Your response to the data below should hold nothing except the lines from the one containing "Cool Wall Shelf" down to the one containing "President Recep Tayyip", reproduced exactly and without pictures.

# Provided material:
------------------------------------

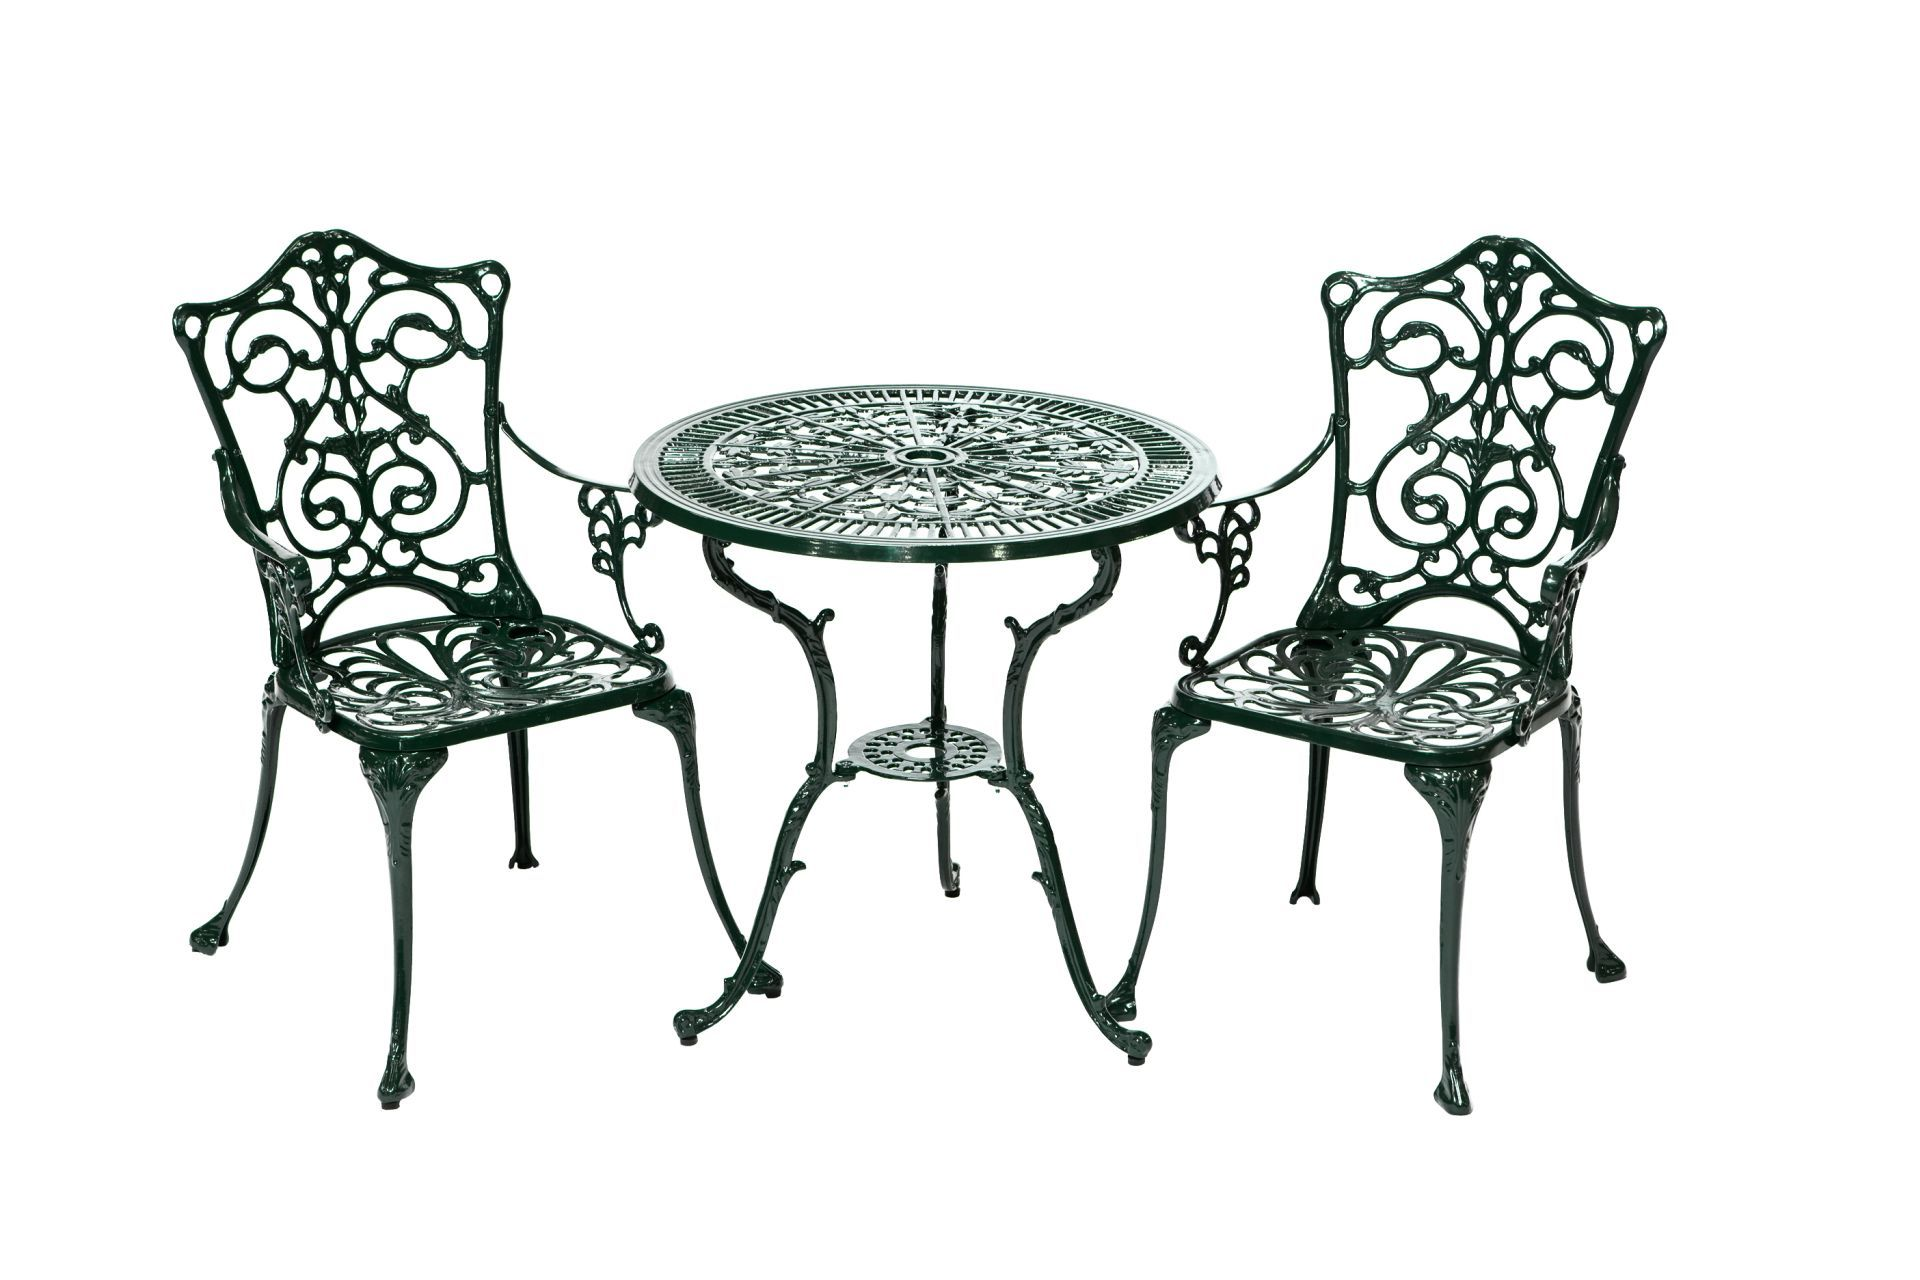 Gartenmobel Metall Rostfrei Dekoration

------------------------------------

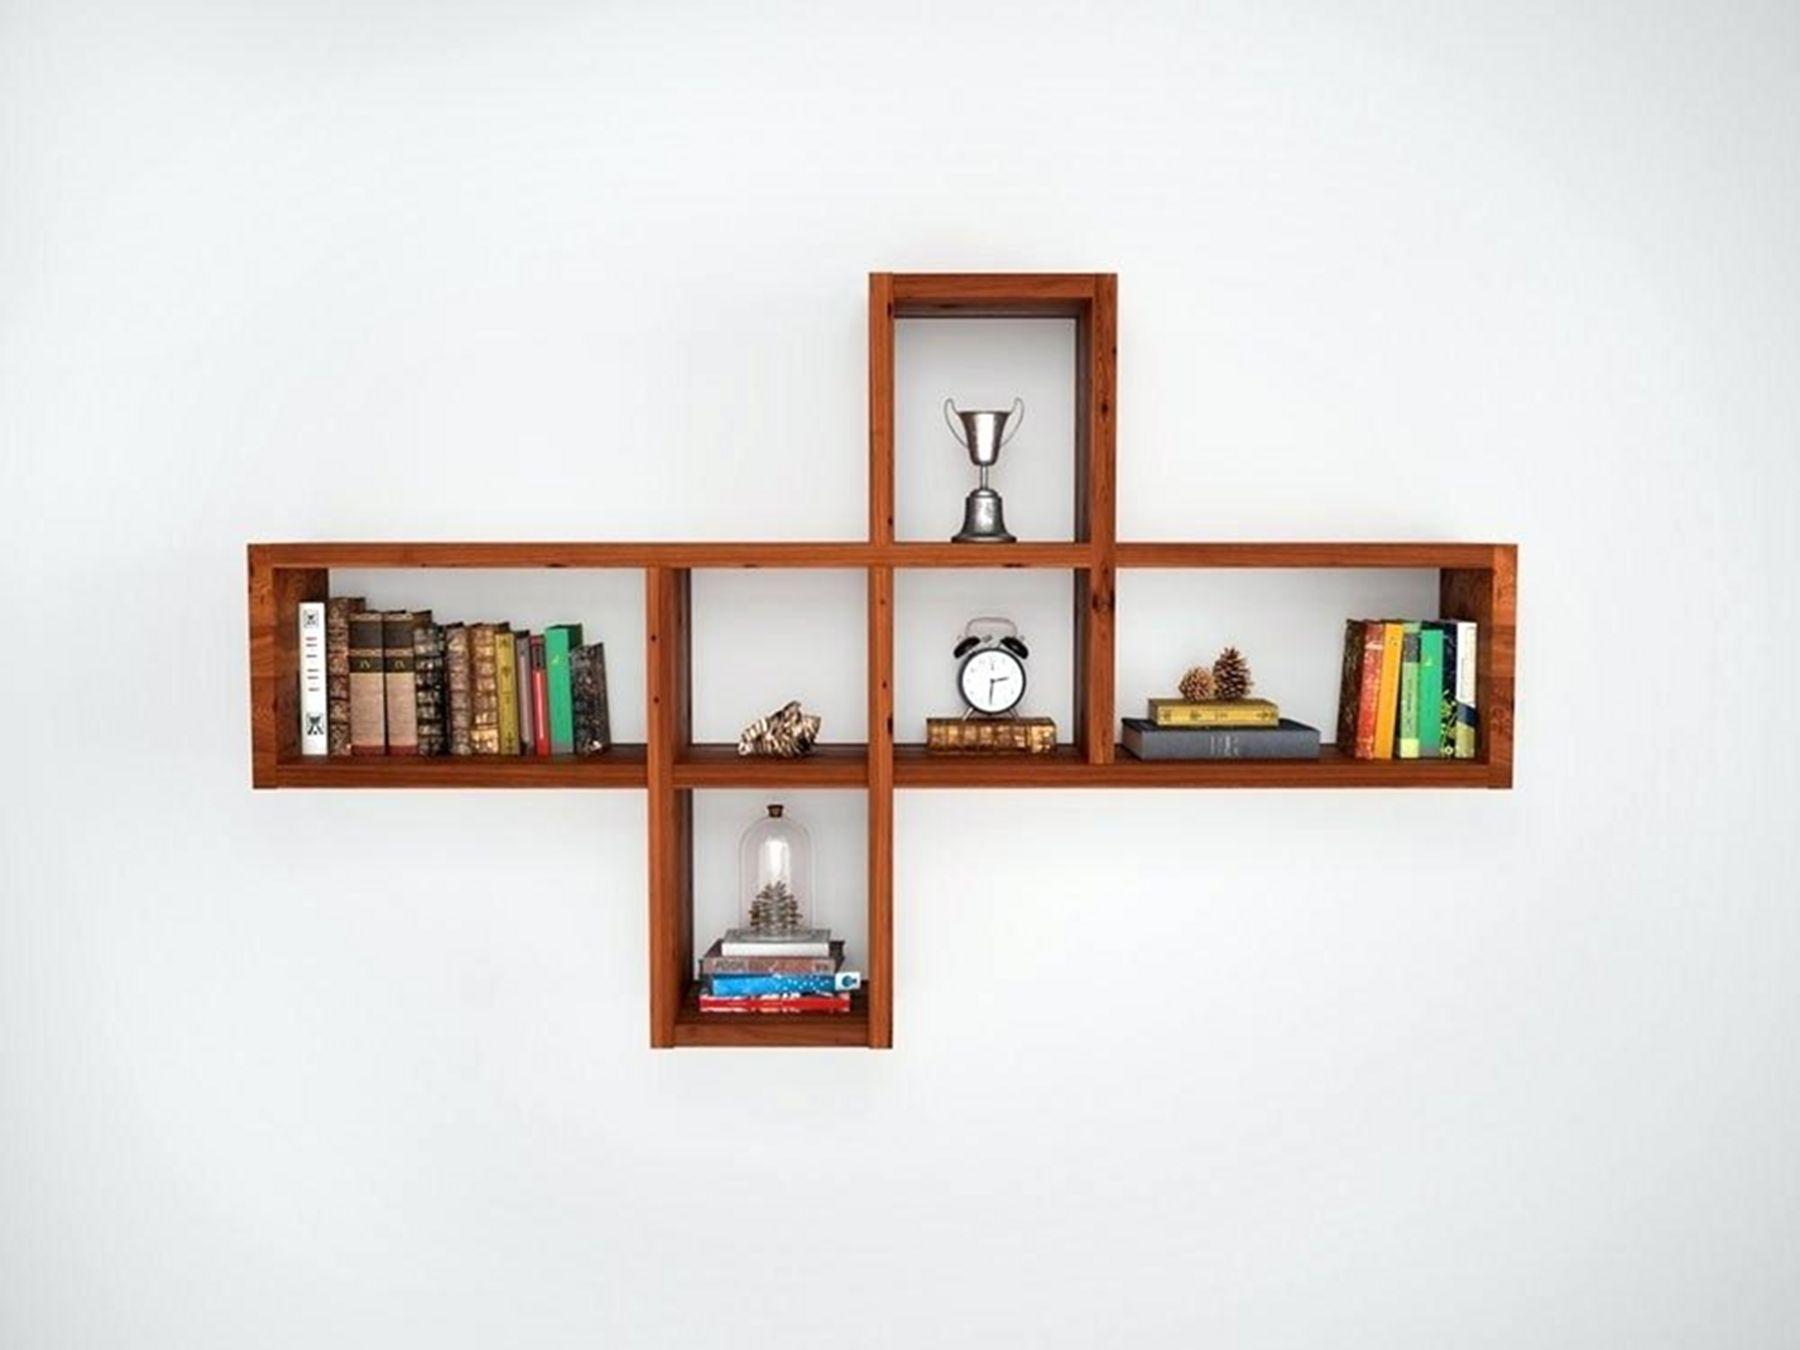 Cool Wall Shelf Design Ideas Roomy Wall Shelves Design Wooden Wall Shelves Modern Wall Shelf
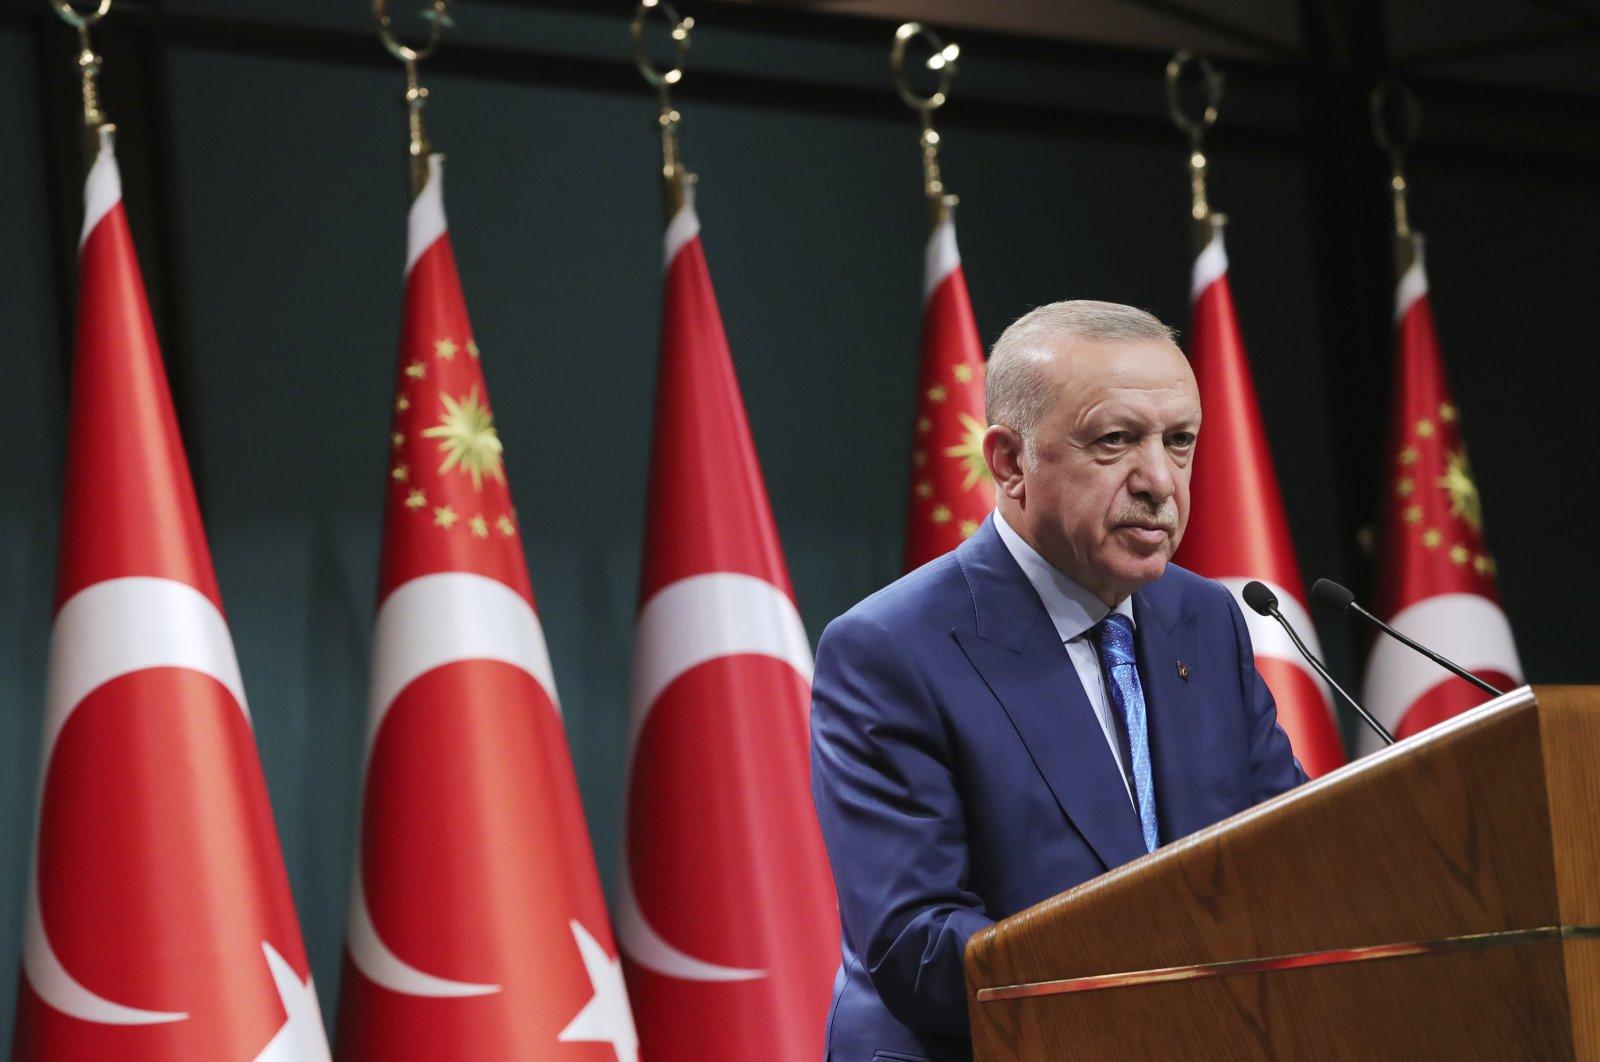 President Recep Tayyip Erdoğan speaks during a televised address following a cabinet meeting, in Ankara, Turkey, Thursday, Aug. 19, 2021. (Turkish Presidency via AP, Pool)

------------------------------------

# Result of this exercise:
 Cool Wall Shelf Design Ideas Roomy Wall Shelves Design Wooden Wall Shelves Modern Wall Shelf
 President Recep Tayyip Erdoğan speaks during a televised address following a cabinet meeting, in Ankara, Turkey, Thursday, Aug. 19, 2021. (Turkish Presidency via AP, Pool)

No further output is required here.